Sorelle Fontana (literally "Fontana Sisters", also known as "Sorelle Fontana, Alta Moda SRL") is an Italian fashion house, specializing in production of high-fashion couture.

It was founded in Rome in 1943 by three sisters and Italian designers: Zoe Fontana (1911-1979), Micol Fontana (1913-2015) and Giovanna Fontana (1915-2004).

== History ==
Born in Traversetolo, Parma, the three Fontana sisters started working as dressmakers with their mother at a very young age. They moved to Rome in 1933 where they worked as apprentices in other tailoring and sewed clothes at home.

In 1907, the sisters inherited their grandmother's tailoring atelier.

In 1943, the sisters founded a high fashion atelier in Via Liguria initially inspired by Christian Dior's New Look. The turning point of their career happened in 1949, when Linda Christian bought a Sorelle Fontana dress for her wedding with Tyrone Power. From then on the Sorelle Fontana brand gradually raised in the international jet set.
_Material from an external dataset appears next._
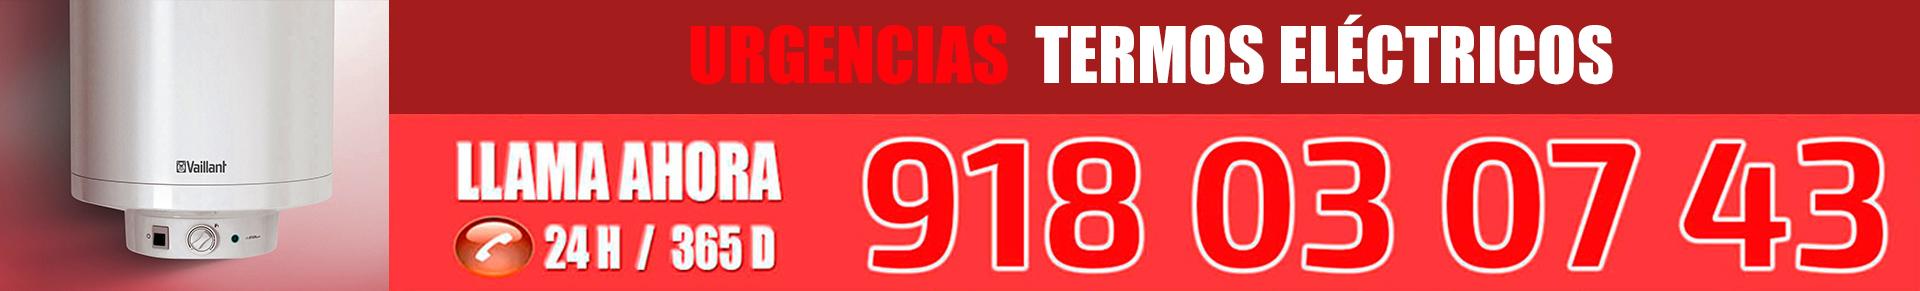 teléfono urgente reparación termos eléctricos en Alcalá de Henares

The sisters dressed many celebrities and several heads of state, including Elizabeth Taylor, Audrey Hepburn, Ava Gardner, Grace Kelly, Jacqueline Kennedy Onassis, Queen Soraya, Infanta Beatriz of Spain, Frederica of Hanover, Anita Ekberg and Joan Collins.

Their most famous creation was the provocative cassock dress that was worn by Ava Gardner inspired by the robes worn by Roman catholic priests, which had been approved by the Vatican before its release.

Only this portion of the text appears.